Рассказывая мне об этом, мэр добавлял:
— Вот что делается у нас во Франции. Почему бы это так?
Слово «измена» солдаты тогда еще не произносили. Но народ чувствовал себя опутанным какой-то невидимой паутиной, которая сковывала его, лишала его энергии.
Я как-то спросил у одного молодого солдата, приехавшего в отпуск:
— Ну что, воюете?
Тот махнул рукой:
— Разве это война? Это странная война. Что-то тут неладно.
— Может быть, солдаты драться не хотят? — спросил я.
— Не хотят? Драться, конечно, никто не хочет. Но если надо сражаться за Францию, все будут сражаться.
— Так в чем же дело?
— Да нам не дают сражаться.
— Но, может быть, теперь готовится наступление?
— Какое готовится! — досадливо ответил он. — Нам не подвозят ни снарядов, ни танков. Я сам видел в Париже на станции ящики с самолетами только что с заводов. Они стоят, и их никто не распаковывает. А у нас на фронте самолетов почти нет.
Раньше все в деревне думали, что с весною начнется крупное наступление французской армии. Но рассказы отпускных всех обескуражили. Всем как-то стало ясно, что никакого наступления не будет, потому что к нему не готовятся. Армию не только не усиливали, наоборот, именно к весне стали давать отпуска деревенским парням.
Вид у отпускников был не особенно блестящий. Нескладная, плохо сидевшая новая форма цвета хаки сменила небесно-голубой цвет обмундирования прошлой войны; гольфы, на ногах обмотки. Многие жаловались на плохое снабжение, на плохое питание. Кое-где в армии возникали конфликты с офицерами, среди которых оказалось немало явных фашистов из организации «Круа де фе» (Croix de feu — «Боевые кресты» — организация полковника де ля Рокка, пытавшаяся устроить в Париже фашистский путч 4 февраля 1934 г.).
За это время я не раз посетил Париж. Внешне жизнь текла там нормально. Только улицы и дома вечерами были затемнены, но затемнены плохо: из всех окон сквозь ставни и занавески пробивались полоски света. Окна же, выходящие во внутренние дворы, и на чердаках вообще не завешивались; полиция туда не заглядывала.

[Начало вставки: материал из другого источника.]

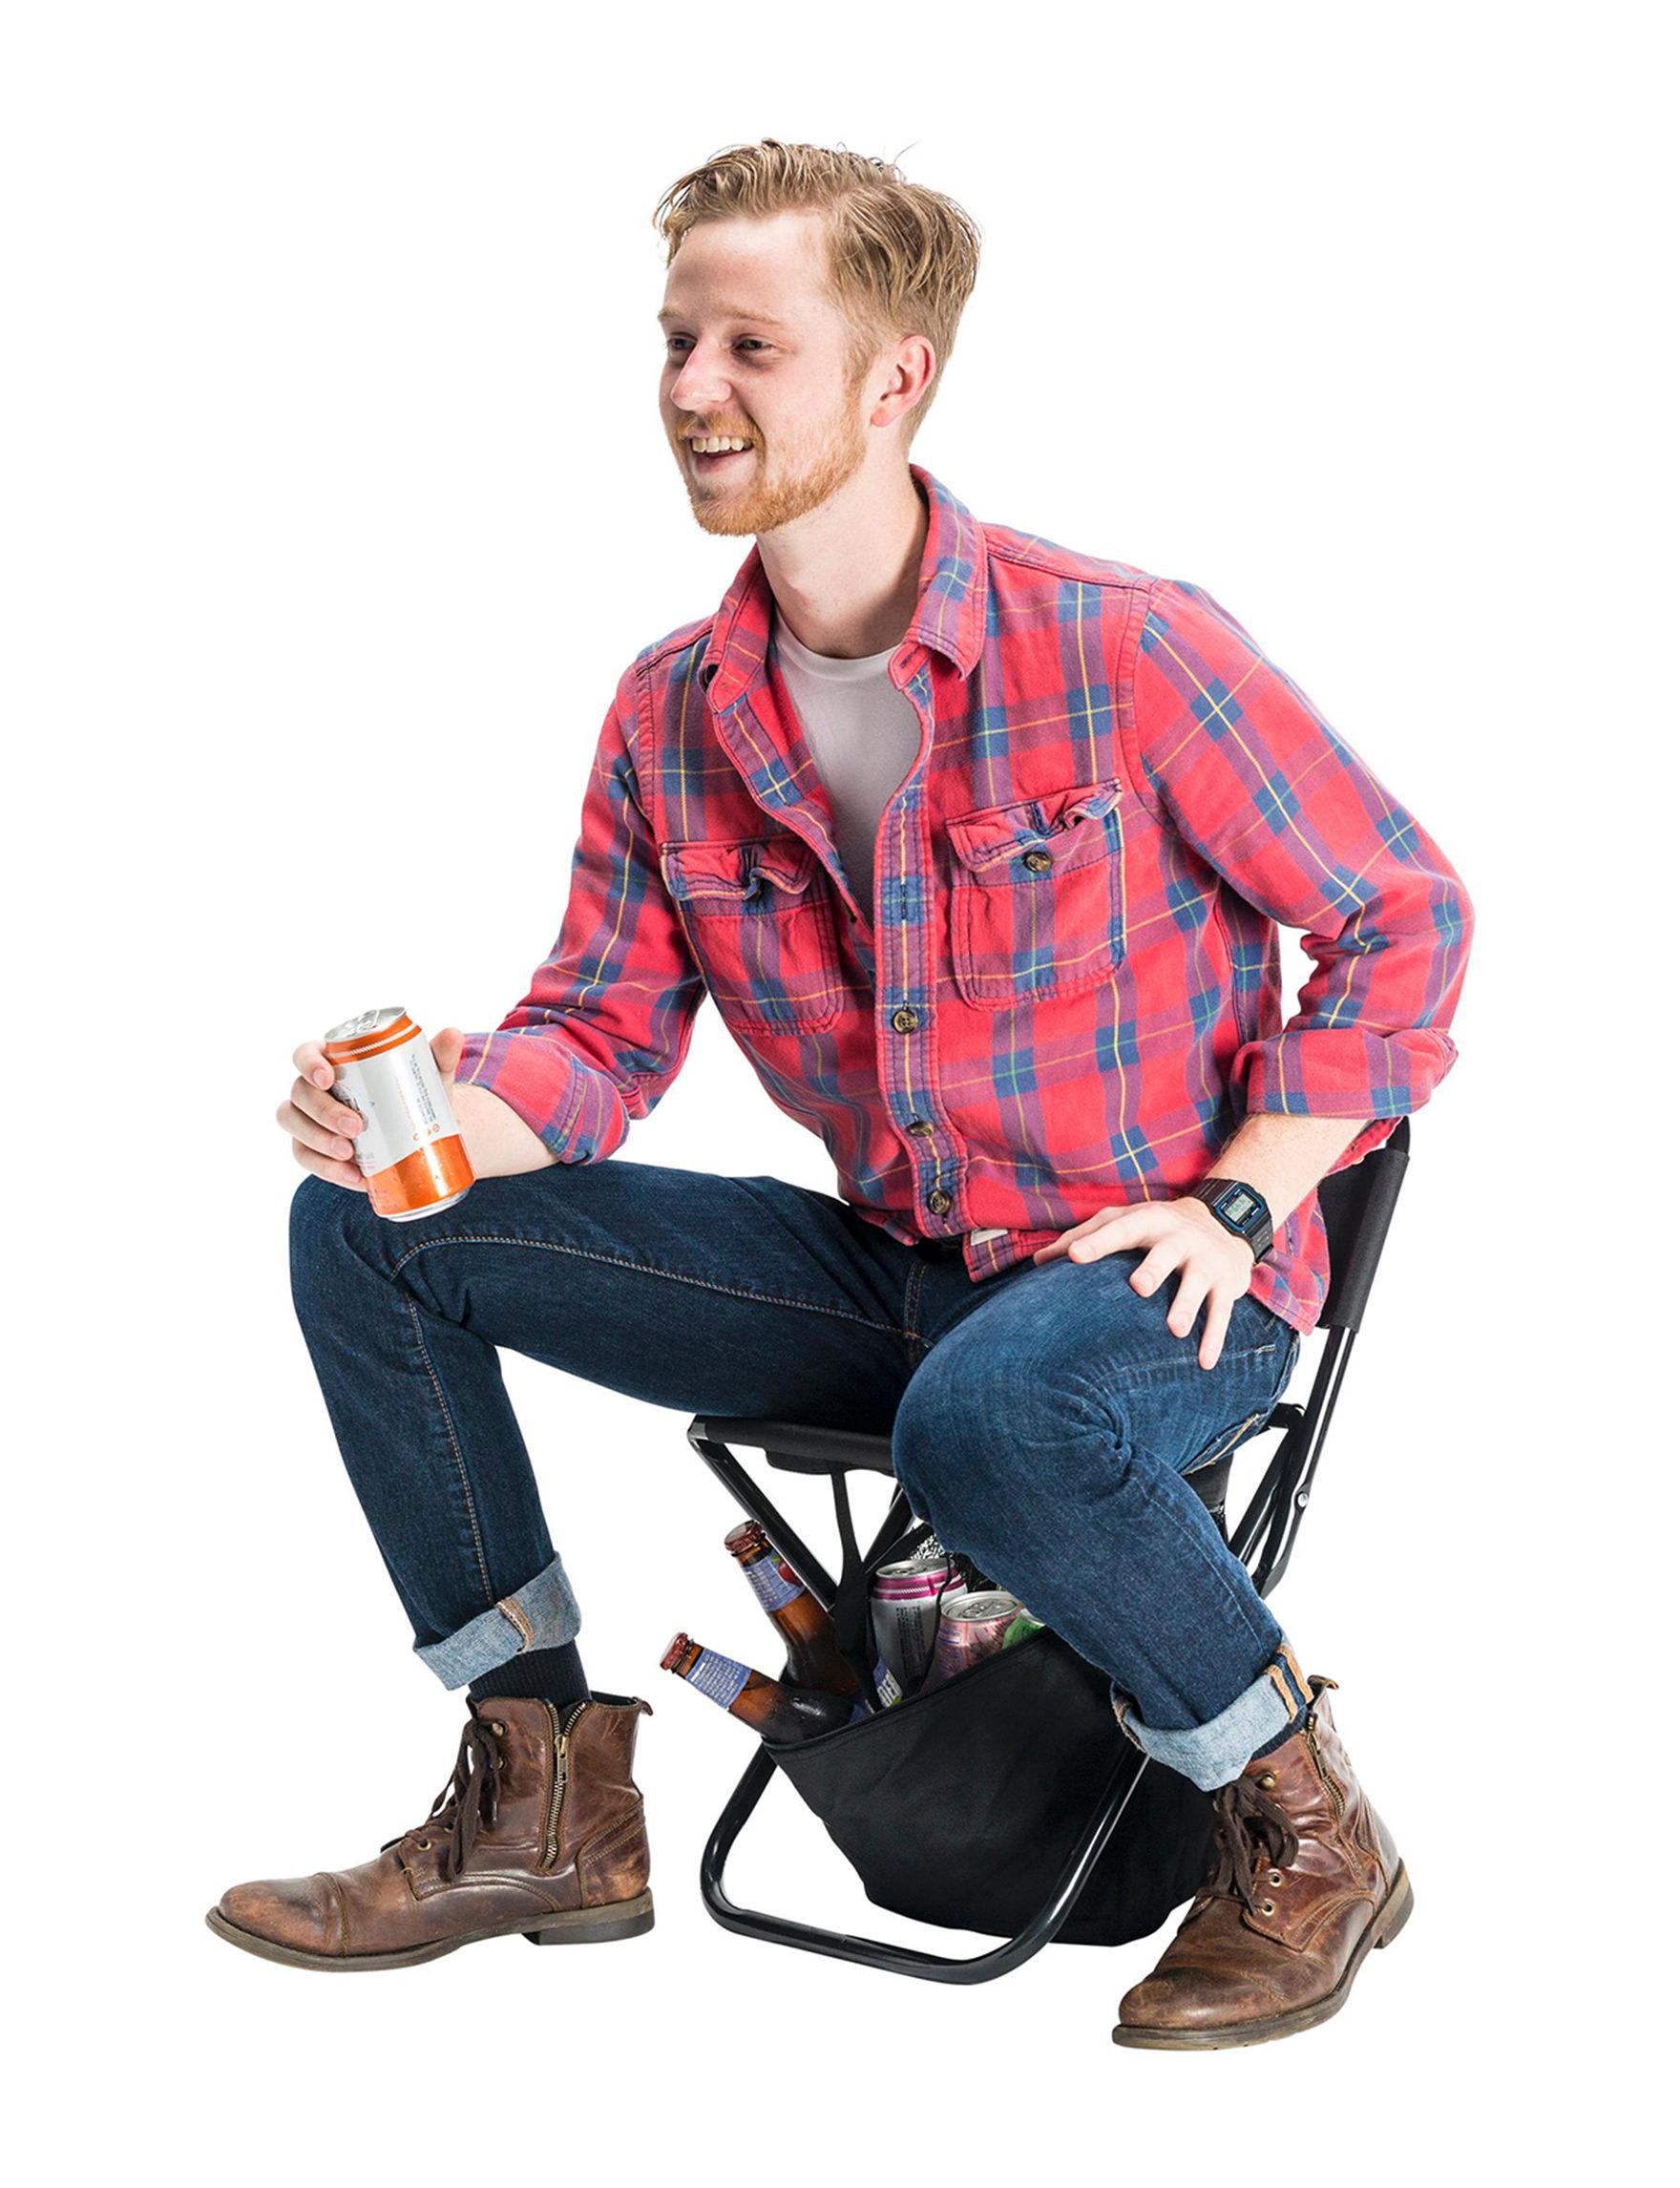 Snag Black Camping & Outdoor Gear

Жители затемняли окна только, чтобы не платить штрафов, а не потому, что ожидали налетов. Страх перед налетами давно прошел. Власти велели очистить чердаки от всякого хлама и посыпать полы песком. Разумеется, ни один чердак очищен не был, песок, правда, принесли. В ведрах и ящиках он стоял на верхних площадках лестниц, и его облюбовали для своих нужд кошки и собаки.
Днем движение на улицах казалось таким же, как и до войны. Многолюдные толпы сновали по тротуарам, заполняли магазины. Товаров было еще много, хотя кое-чего уже не хватало, и продавцы не без горечи ссылались на войну. Зато продукты как будто перестали скупать. Парижане не очень верили в длительность войны и в грядущий голод, да и продукты все равно некуда было класть: ими были завалены все квартиры.
Но по вечерам парижские улицы мрачнели. Закрытые синими колпачками слабые лампочки еле освещали тротуары. Автомобили с притушенными фарами медленно двигались во мраке. В ночной темноте на улицах, в кафе, дома как-то особенно чувствовалась тревога.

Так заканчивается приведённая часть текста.